[[ Data in this exercise open ]]
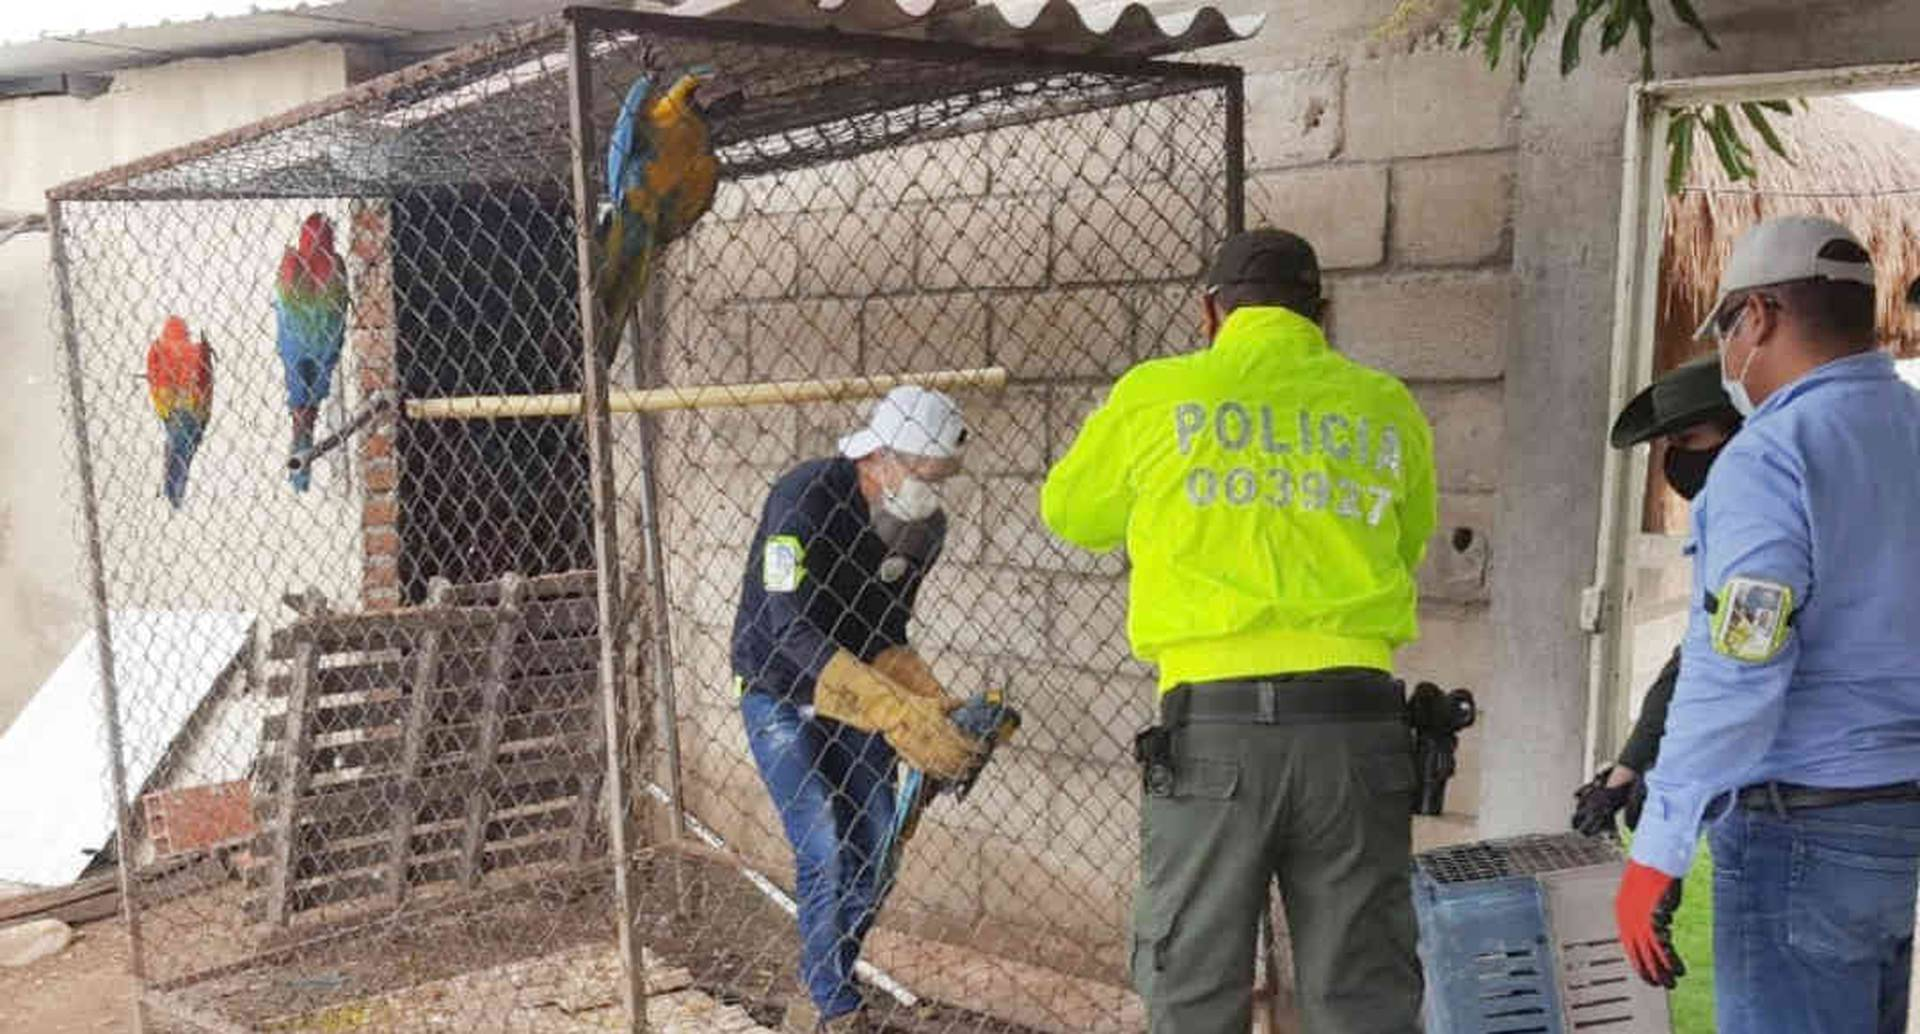 Durante el operativo fueron incautadas 10 guacamayas al interior de una jaula en el corregimiento de El Jabo, en zona rural de Valledupar. Foto:  Corpocesar.
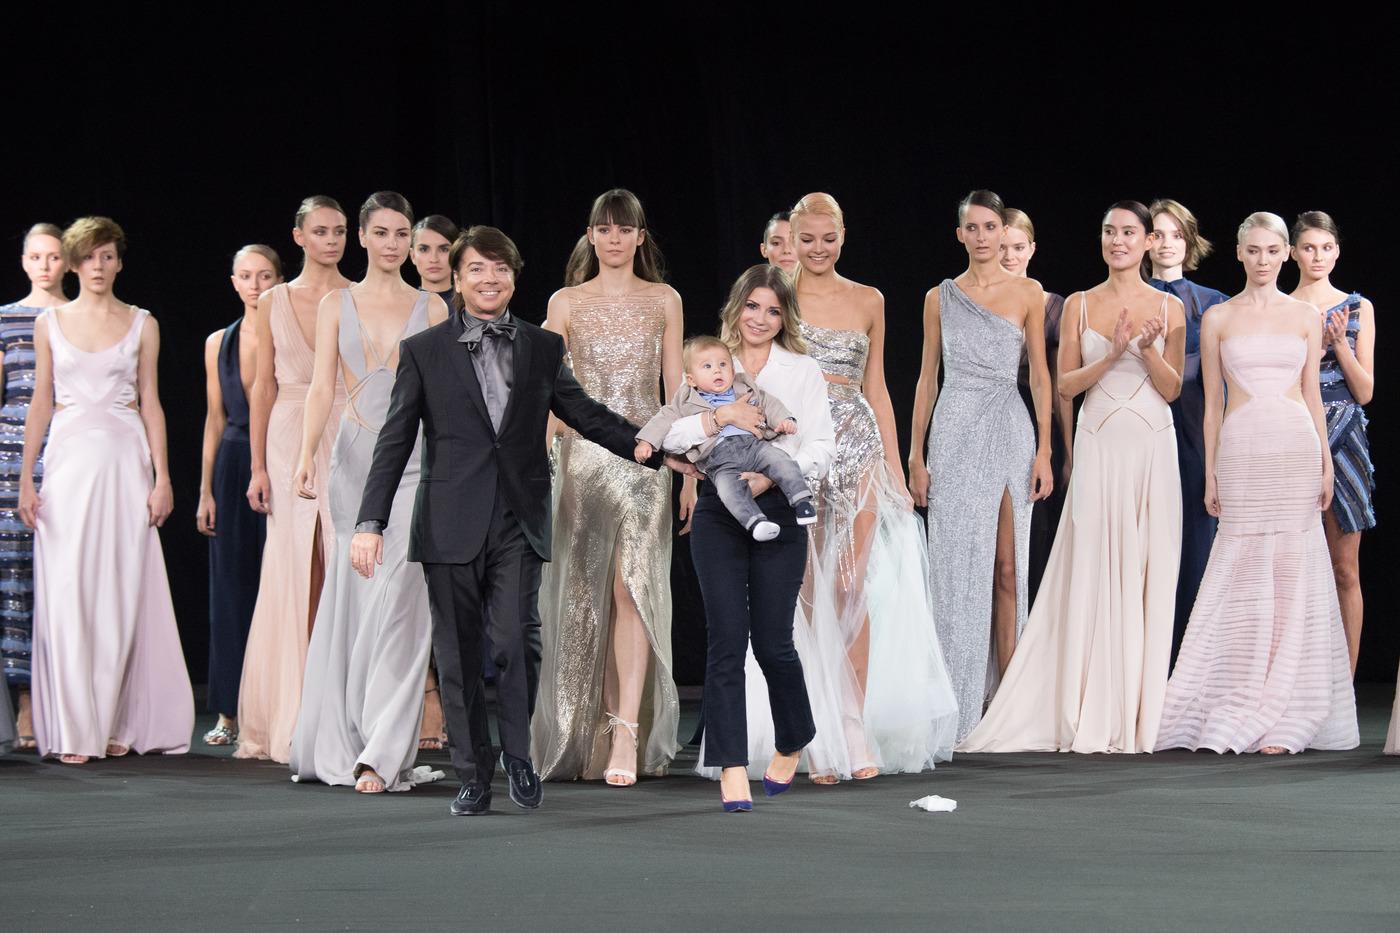 В Кремле прошел юбилейный модный показ Юдашкина новые фото
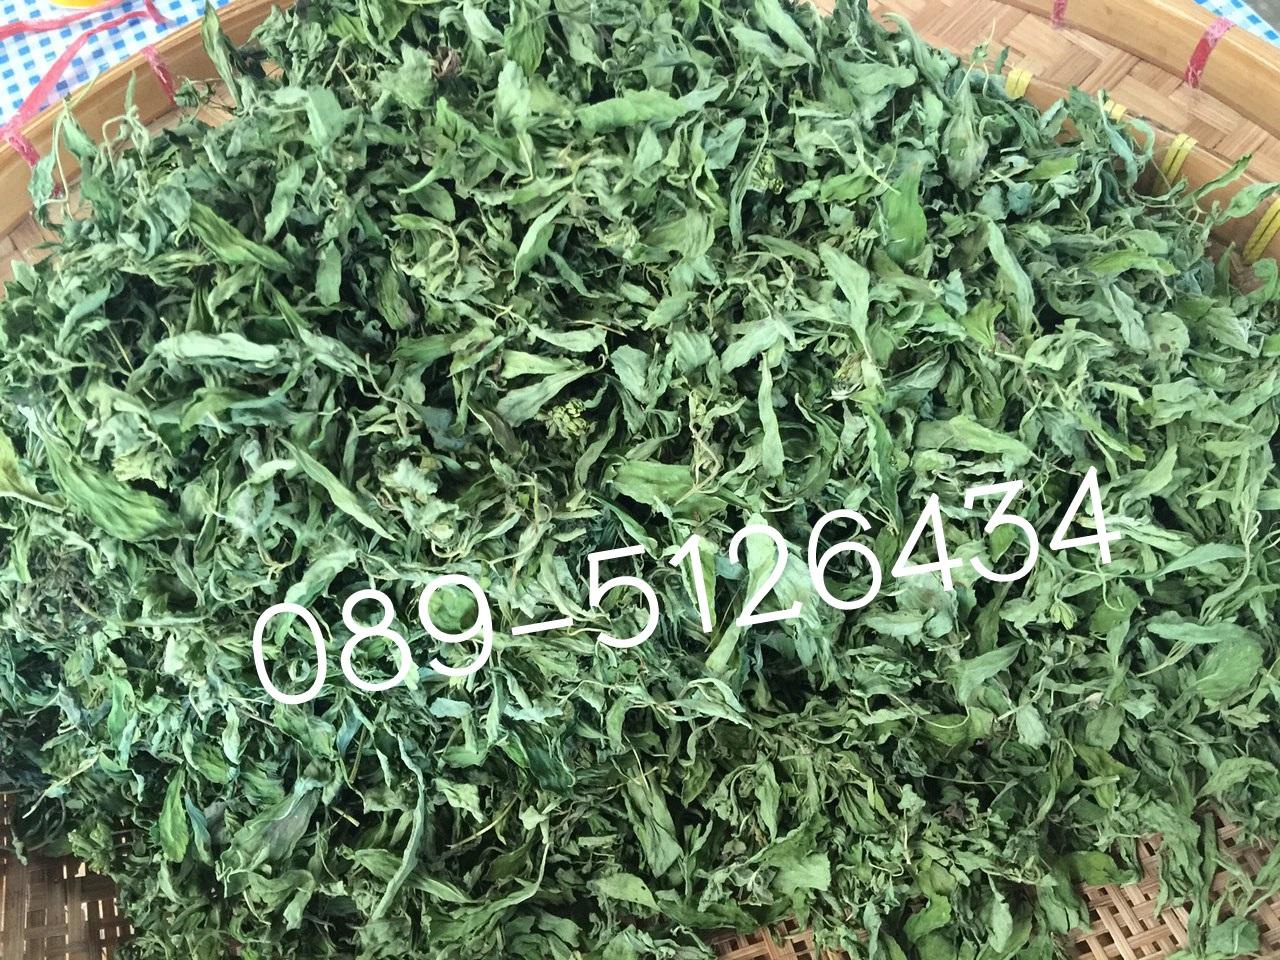 ขายส่ง/ปลีก หญ้าหวานอบแห้ง 100% (กิโล)
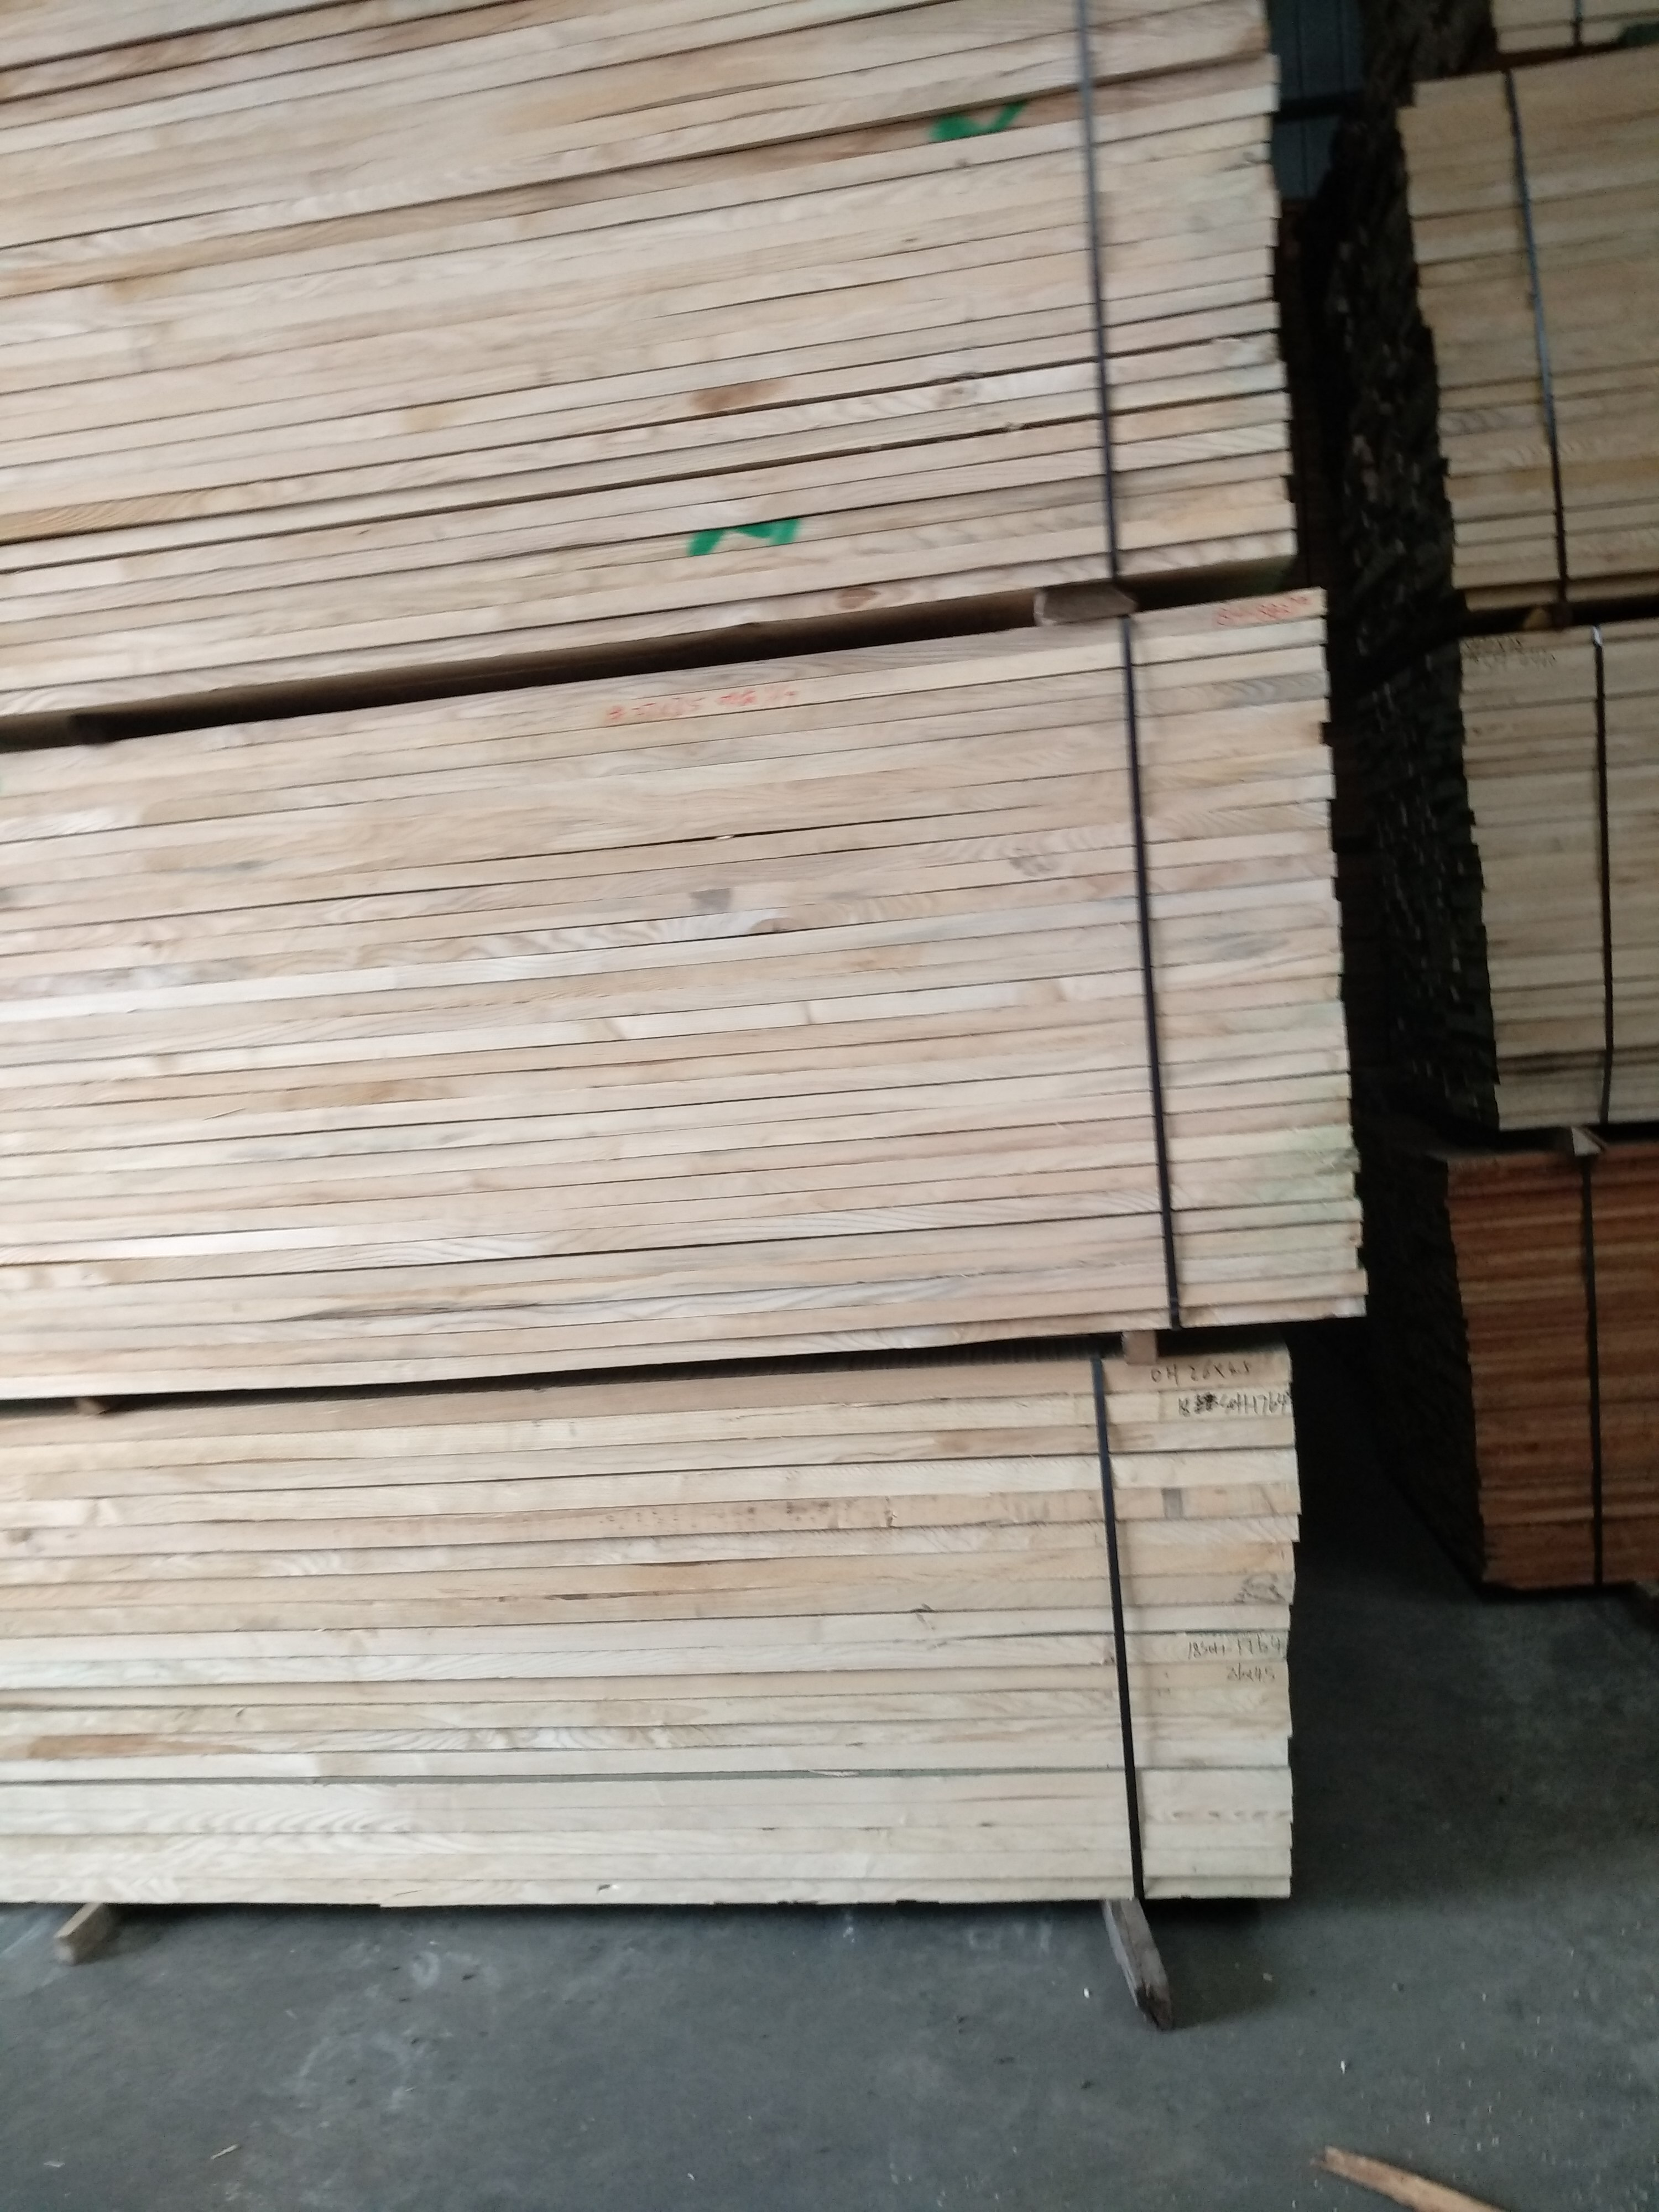 进口北美白蜡木板 FAS特级白蜡实木板供应商厂家直销 白蜡木板板材-厂家供应商
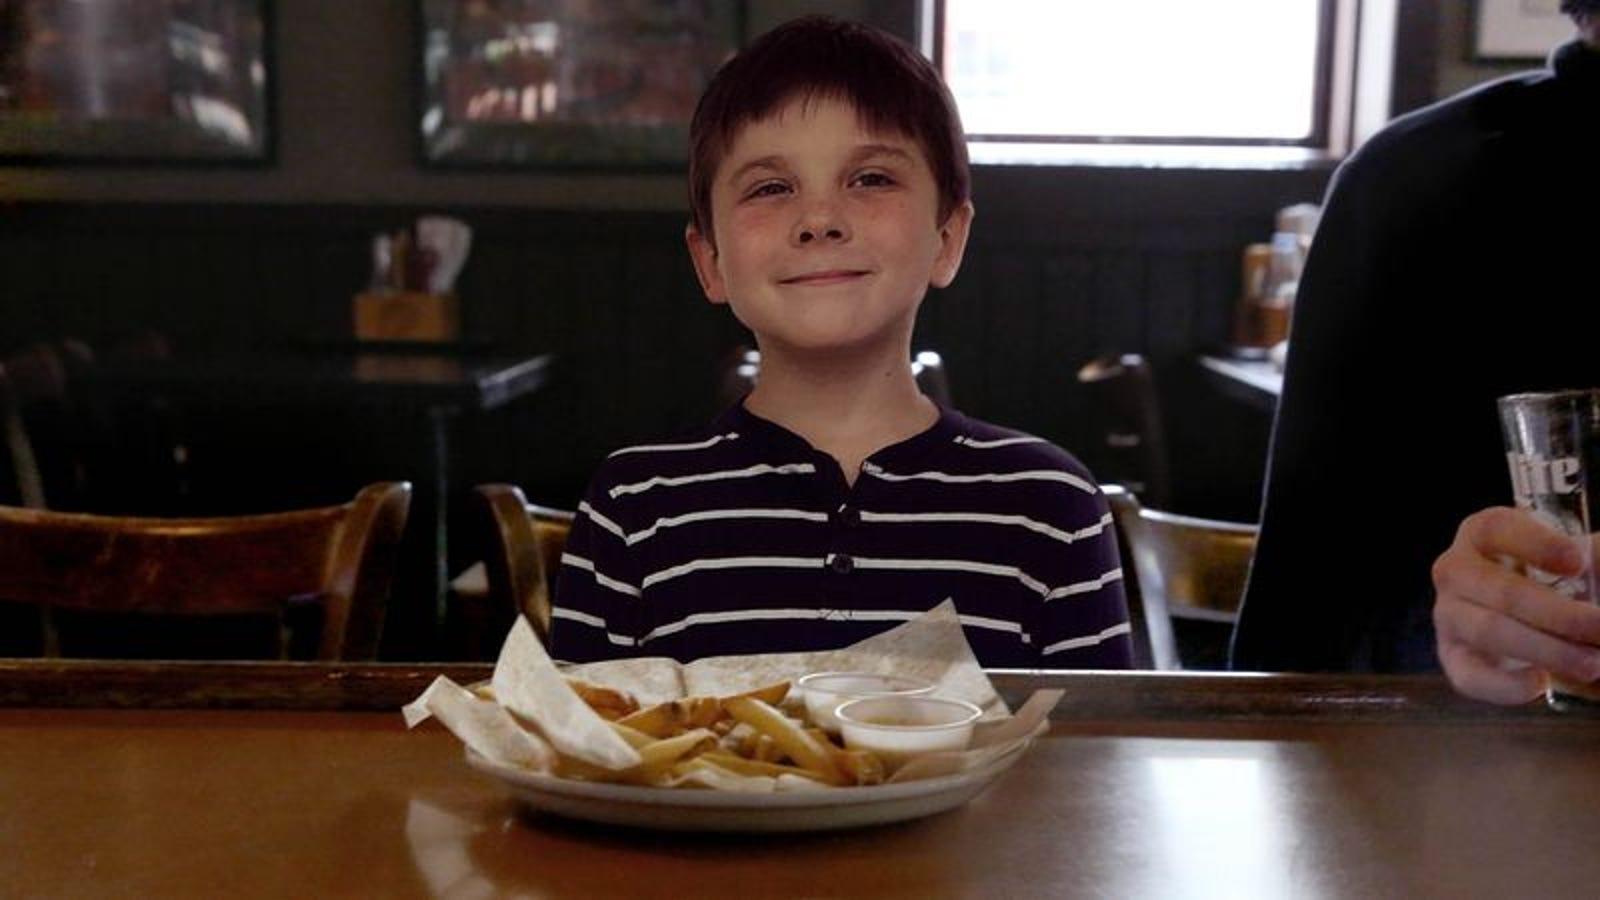 Child's Favorite Restaurant Also Dad's Favorite Bar
[[ Data in this exercise closed ]]
- [Exercise requirements] Reproduce nothing but the lines running from the line with "В Кремле прошел" through the end of the records, keeping both end lines and dropping the pictures.

- [Problem solution]
 В Кремле прошел юбилейный модный показ Юдашкина новые фото
 ขายส่ง/ปลีก หญ้าหวานอบแห้ง 100% (กิโล)
 进口北美白蜡木板 FAS特级白蜡实木板供应商厂家直销 白蜡木板板材-厂家供应商
 Child's Favorite Restaurant Also Dad's Favorite Bar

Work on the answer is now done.